Task to complete: For this task, output exactly the lines of the material below starting at the line with "TrendyAffordables Adirondack Chair" and ending at the line with "Blurry and Artful"; pictures are to be excluded.

Input for this task:
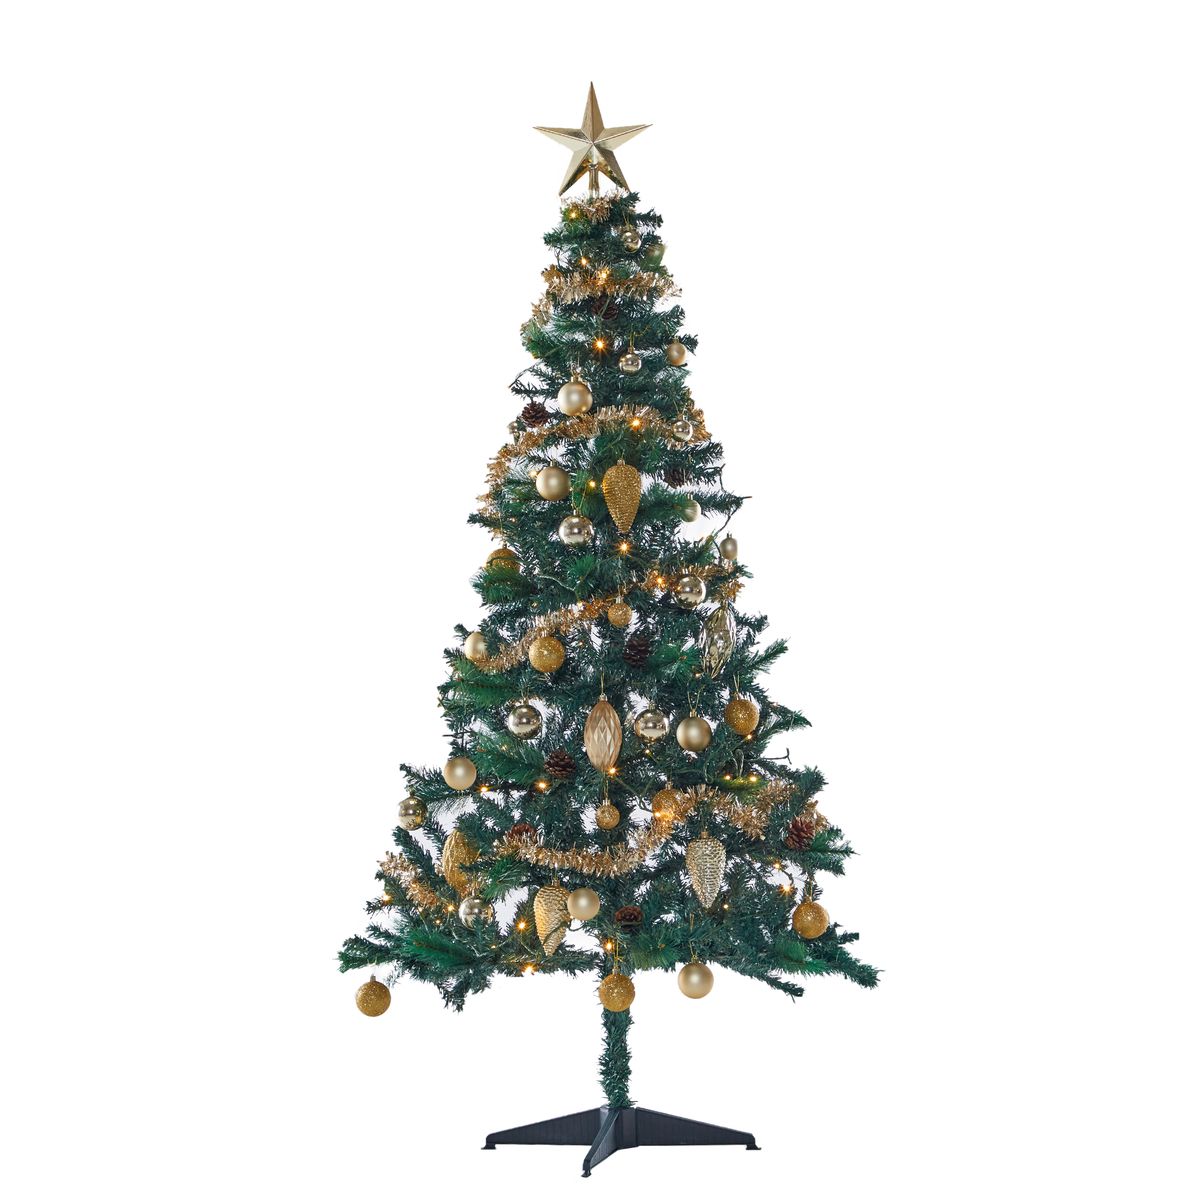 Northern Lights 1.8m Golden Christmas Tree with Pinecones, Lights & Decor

...

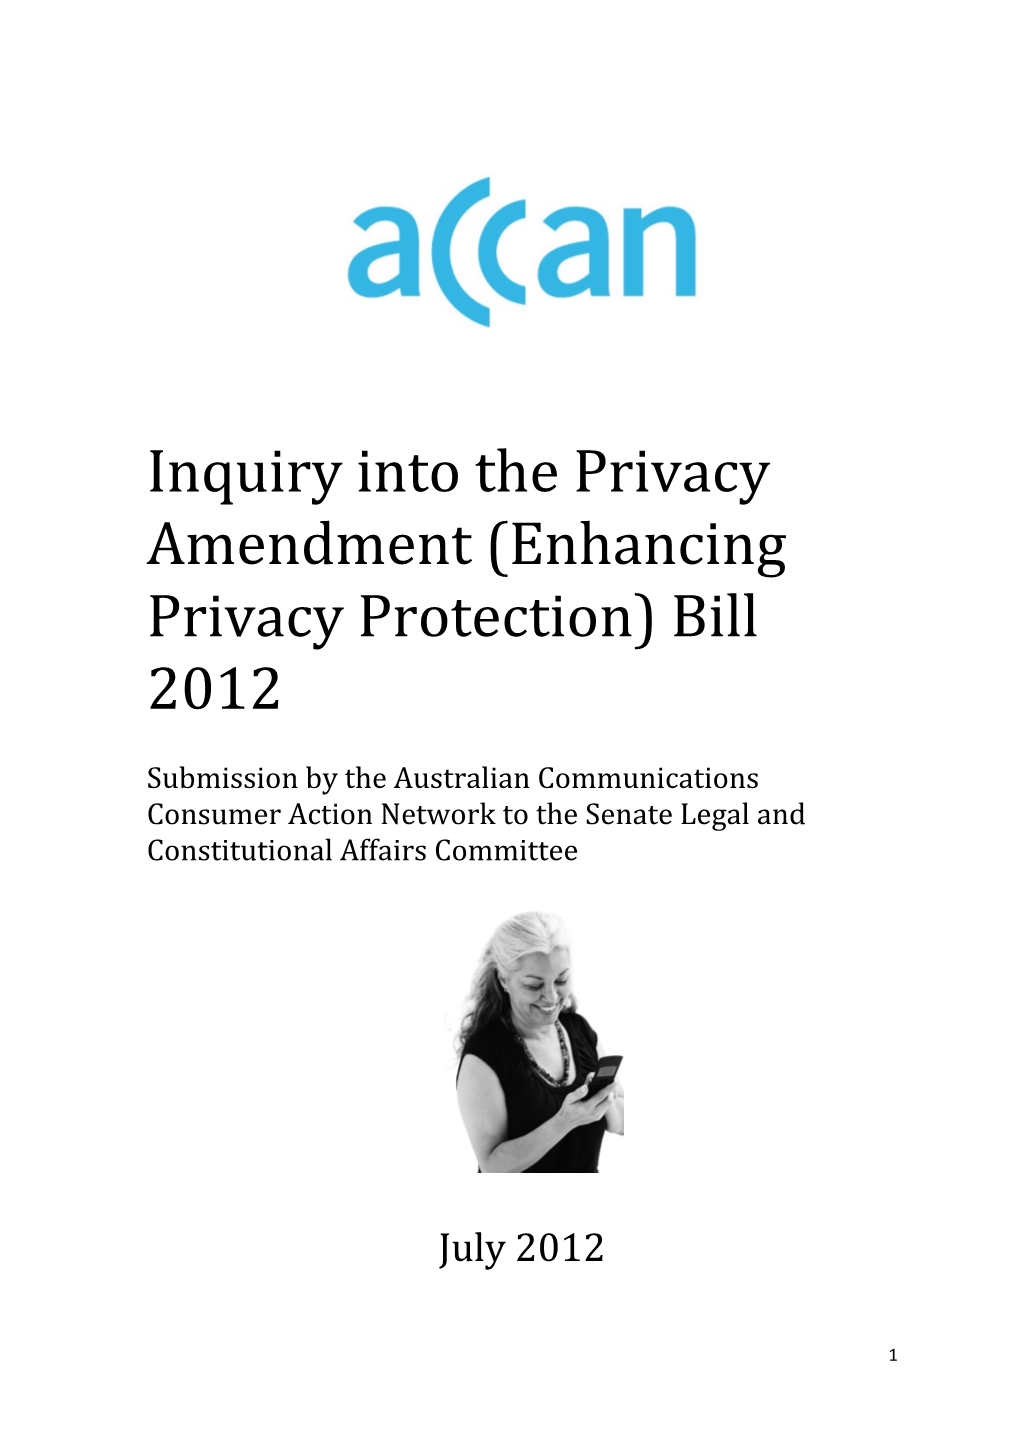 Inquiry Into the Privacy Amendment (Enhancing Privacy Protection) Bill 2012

---

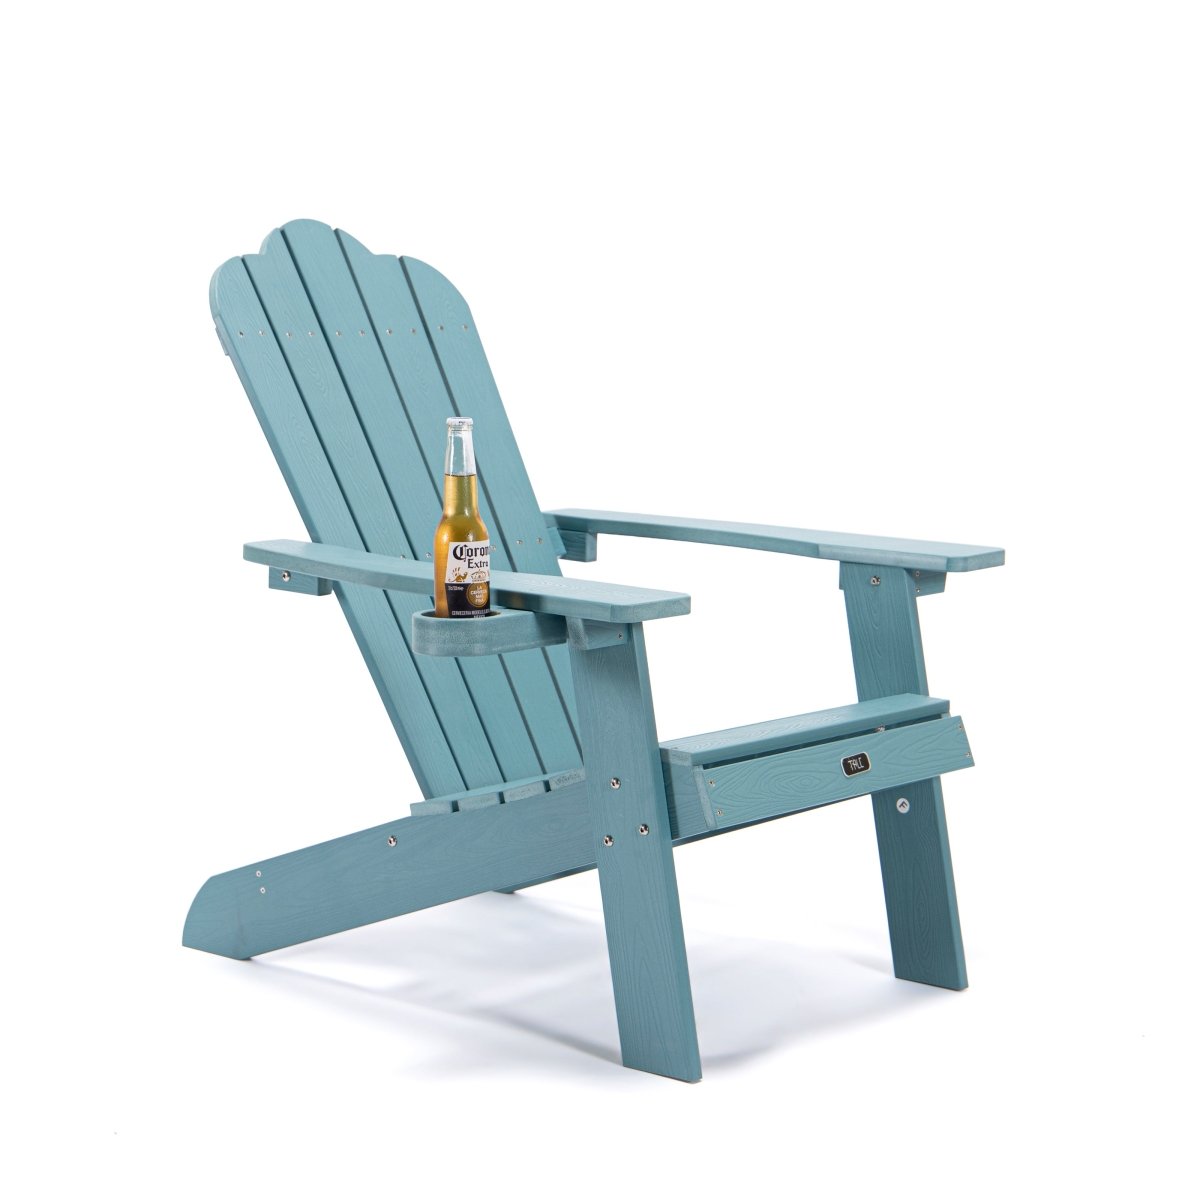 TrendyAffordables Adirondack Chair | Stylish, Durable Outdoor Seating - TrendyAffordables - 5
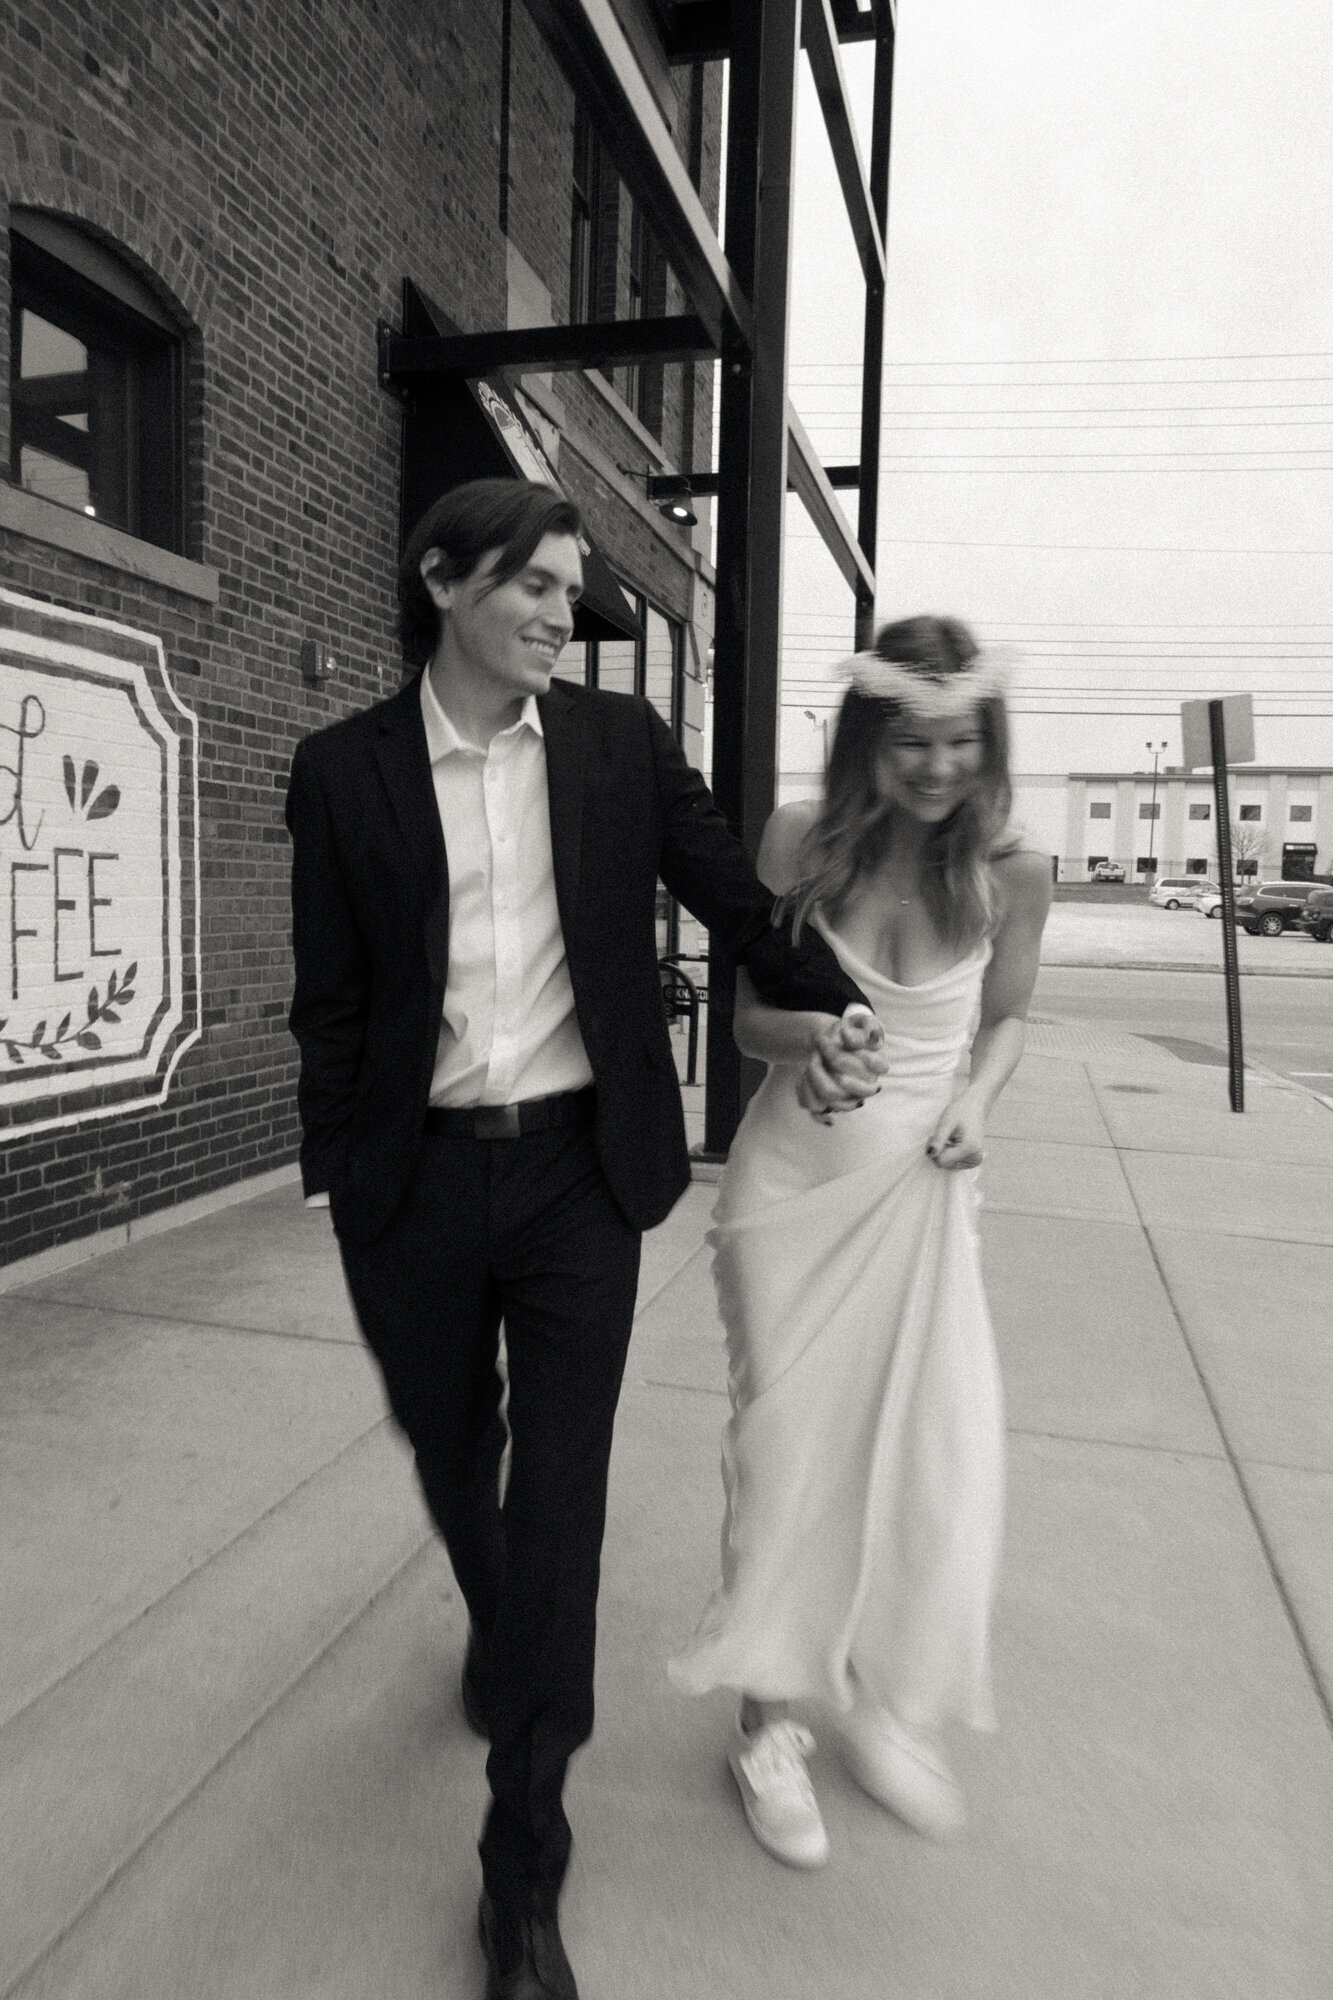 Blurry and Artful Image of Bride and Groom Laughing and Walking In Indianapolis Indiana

Answer below:
 TrendyAffordables Adirondack Chair | Stylish, Durable Outdoor Seating - TrendyAffordables - 5
 Blurry and Artful Image of Bride and Groom Laughing and Walking In Indianapolis Indiana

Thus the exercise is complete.